Smelling blood on Wall Street, genteel family offices are using the 'S' word, study shows
A sales culture is being driven by competitve pressures and opportunities for fresh assets that are too tempting to pass up
Family wealth advisory firms have never been very exciting places. The whole idea is not to get carried away with concerns about asset growth and absolute returns because it can distract or detract from the higher purposes of conserving funds and efficiently passing the vast sums of money down to the following generations.
But free market forces have a way of busting their way in to places where there are inefficiencies or where money is being left on the table.
Concerted sales effort
With that in mind, it may not be surprising that more advisory firms that handle family fortunes are making a concerted sales effort to lure new clients to their doors – a trend that came to light in a release from Family Office Exchange entitled: “Wealth Advisors Adopting a Stronger Sales Culture.”
Chicago-based FOX, a group that provides research, consulting and collaboration for 500 wealthy families and their advisors issued the release to announce the completion of a study, “The Enterprise Sales Process: Best Practices in Business Development.”
The release states that family offices have begun “adding a new focus on the sales process to meet the increasing demands for growth.”
“There may be a lag, but my view is that many firms are investing in sales and marketing resources today in anticipation of stronger client demand in the near future,” says David Lincoln, managing director of research for FOX and lead author of the study,
Earlier this year, FOX interviewed more than 40 industry executives by phone or in person. In addition, the firm also had an online survey and used the information from the interviews and survey to complete its analysis.

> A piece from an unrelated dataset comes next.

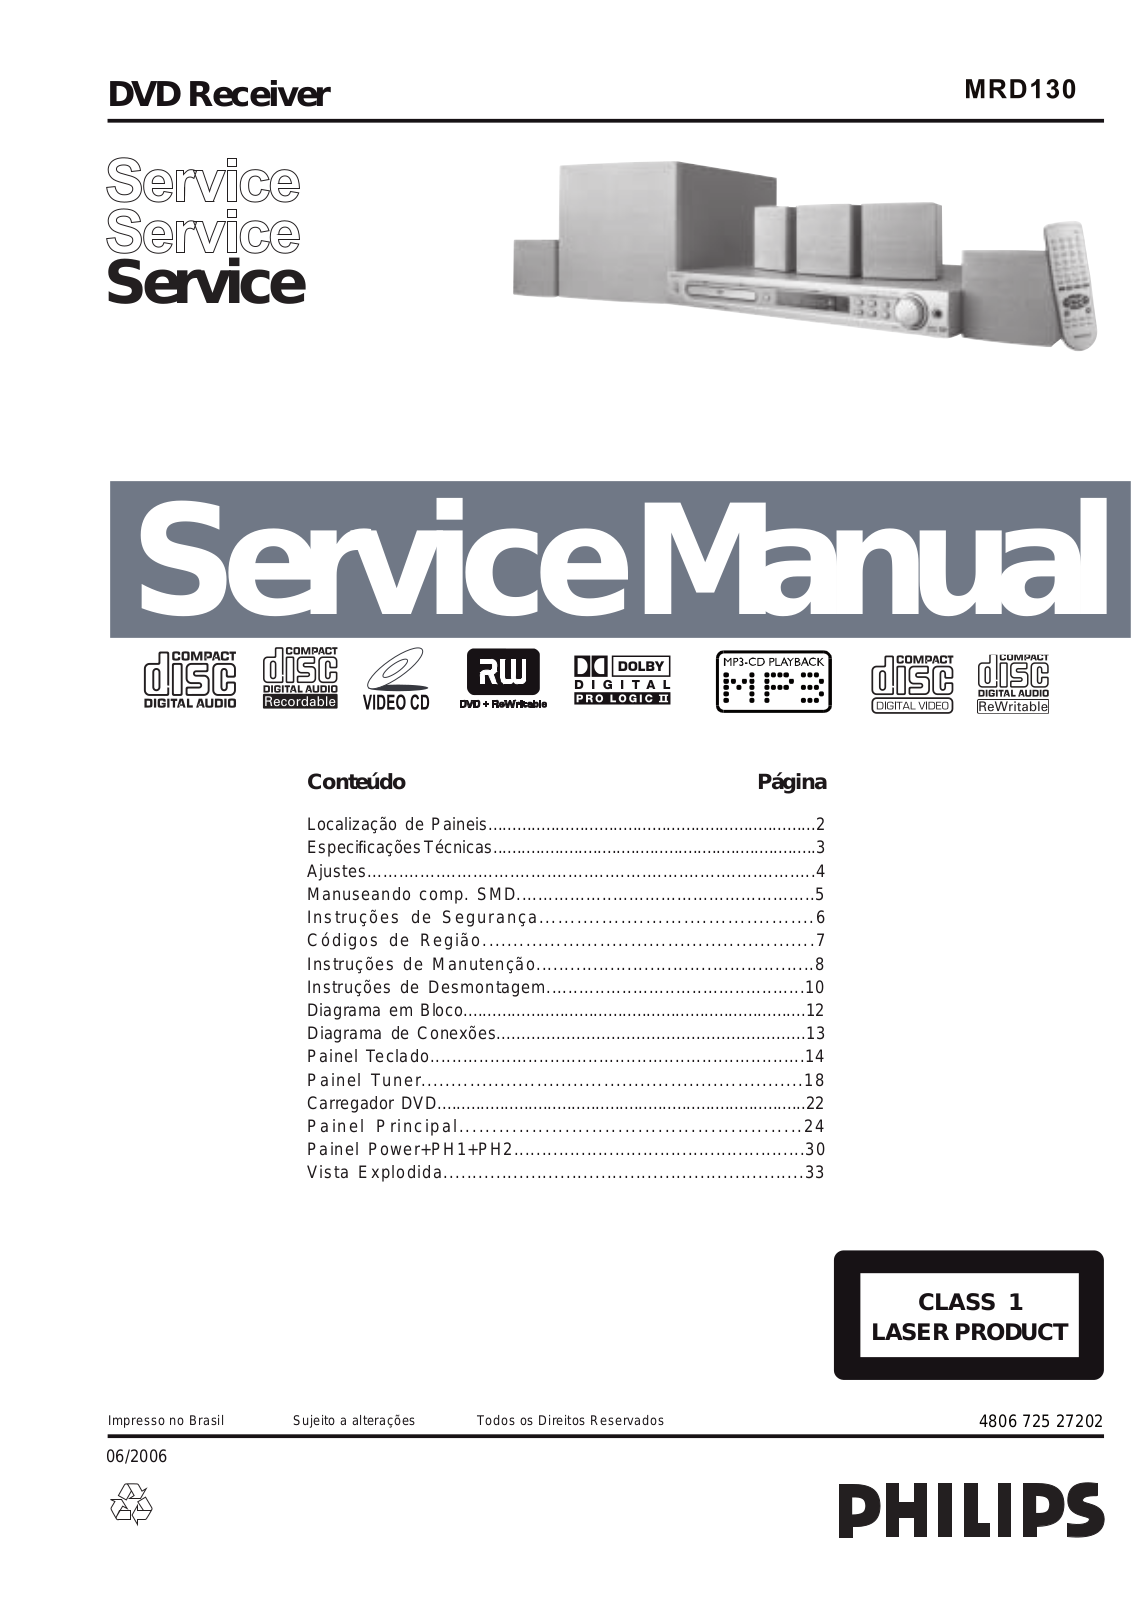 Philips MRD-130 Service Manual

One reason that family offices are brushing up on their selling skills is that the market turmoil and downfall of some big Wall Street brand names has some ultra-wealthy clients – historically reluctant to meet with new advisors – are open to being pitched, according to Jeff Roush, managing partner of Napa, Calif.-based Argos Wealth Advisors, which keeps $1.3 billion of assets under administration.
“Now family offices are much more open and inquisitive and are looking for different solution,” Roush says. “I think if advisors are going to grab market share now’s the time to do it. There is money in motion and if advisors don’t get access to it someone across the way will get it.”
As the ultra rich lost money in the market downturn, they became eager to hear about new solutions and ideas, Roush added.
FOX says that up until now firms didn’t have a strong sales culture, but as wealth advisors are looking to grow their businesses more rapidly, sales become a priority.
Advisory firms have recognized the “need for more new business which is leading to a change in sales models and greater specialization in sales roles,” Too often, relationship managers don’t view sales as their priority, Lincoln says.
He adds that many of these family offices used to be content with slow growth, but now they find that they need to demonstrate vibrant to attract top talent.
In addition, Lincoln says that as advisors age and begin considering their own retirement, the firm’s annual growth rate is an important factor in its valuation.
Boom on business development officers
Many advisory firms have relationship managers who are pulling double duty – courting new business and working with existing clients – that makes it difficult for these individuals.
As a result, some advisory firms have made changes to sales incentives for relationship managers who also have business development responsibilities.
In addition, one of the most popular new approaches is to hire a business development officer, Lincoln says.
Industry wide, about 65% of family office firms now have at least one dedicated business development officer, he adds.
Some advisory firms have even gone as far to introduce new incentive plans that encourage and reward business development. In one instance, a firm hired coaches for its relationship managers to teach them to effectively solicit referrals from clients, Lincoln says.
There’s no question sales were difficult in 2008 and 2009 but things have been improving, he says.
“It seems like there hasn’t been a big decline in the industry’s appetite for client-facing sales and service personnel,” he says. “Good business development officers and relationship managers are still in high demand.”
A delicate tap dance
It’s true most advisors don’t like to describe their efforts as sales, Roush says, but the bottom line is that one of the most important ways for an advisor to grow their business is through sales.
“You can call it networking or sales, but the end result is to obtain more clients and more revenue,” he says.
But Roush points out the sales process for the ultra wealthy can be a bit of a dance of sorts.
Large clients are looking to solve problems and any advisor who approaches them armed with solutions for that client will have a better chance of getting the client, Roush says.
Industry leaders say that the key to a successful sale among the ultra-high-net worth is proving the advisor’s value.
“Advisors need to look at this and say this is about communicating your value and helping them to make a decision,” says Scott Slater, managing director, business consulting for Schwab Advisor Services. “It’s a long courting process and you need to be visible to these families.”
It’s not uncommon for a sales cycle to be one to two years in this arena, he adds.
Referrals are key in this space and Slater says the best advisory firms are successful by their subtly. He knows firms where all advisors are involved in social events such as members’ charity boards.
“So, you’re now building these relationships long before the person is a prospective client,” Slater says.